但是,指针的 64 位可能有点过头了。如果您改为使用 16 位整数作为指针偏移量,我们可以在断点前容纳多达 18 条边。
= 300 / 16
= 18
d = ((18 * 300) / (300^2))
d < 1/16
aka 0.06 < 0.0625
Each of these examples ignore the overhead of the adjacency lists themselves (64*2
for a vector and 64 bit pointers).
这些示例中的每一个都忽略了邻接列表本身的开销(64*2
对于向量和 64 位指针)。
回答by ChrisOdney
Depending on the Adjacency Matrix implementation the 'n' of the graph should be known earlier for an efficient implementation. If the graph is too dynamic and requires expansion of the matrix every now and then that can also be counted as a downside?
根据邻接矩阵的实现,为了有效的实现,应该更早地知道图的“n”。

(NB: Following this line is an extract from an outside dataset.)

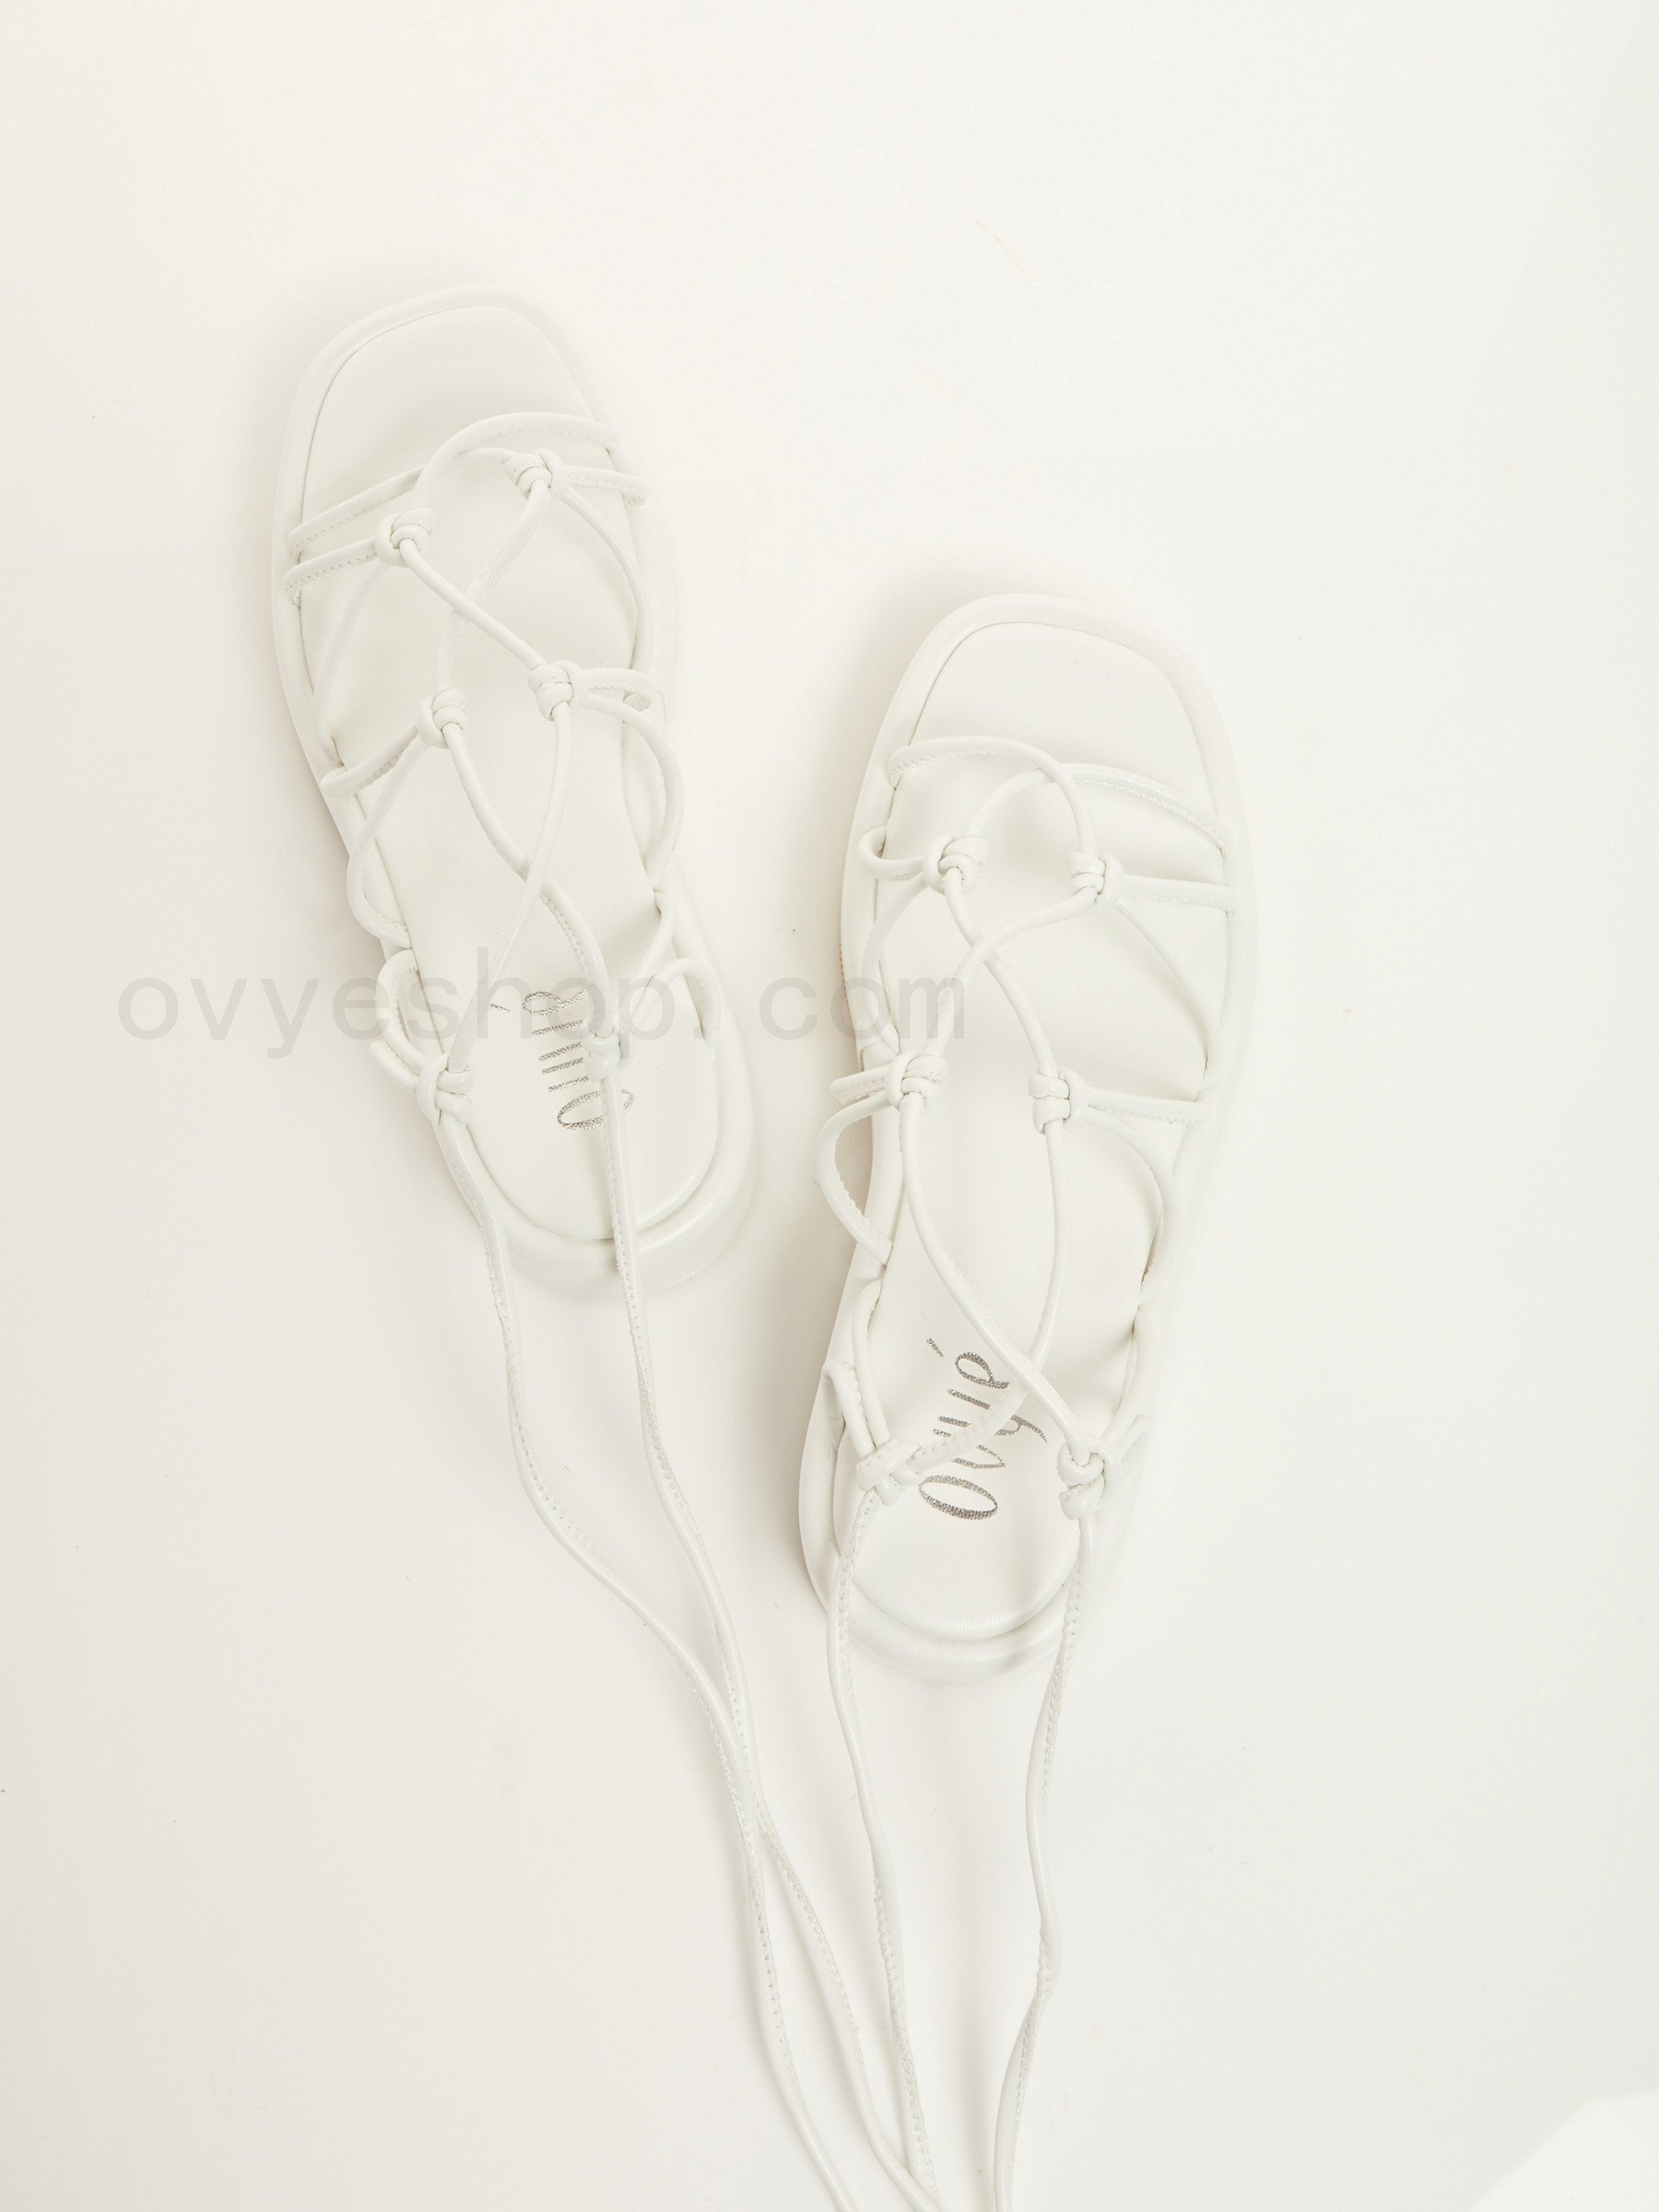 ovy&#232; shop Greek Flat Sandals F0817885-0454

如果图形过于动态并且需要时不时地扩展矩阵,那也可以算作缺点吗?
回答by max
If you use a hash table instead of either adjacency matrix or list, you'll get better or same big-O run-time and space for all operations (checking for an edge is O(1)
, getting all adjacent edges is O(degree)
, etc.).
如果您使用哈希表而不是邻接矩阵或列表,您将获得更好的或相同的大 O 运行时间和所有操作的空间(检查边 is O(1)
,获取所有相邻边 isO(degree)
等)。
There's some constant factor overhead though for both run-time and space (hash table isn't as fast as linked list or array lookup, and takes a decent amount extra space to reduce collisions).
但是对于运行时间和空间都有一些恒定的因素开销(哈希表不如链表或数组查找快,并且需要相当多的额外空间来减少冲突)。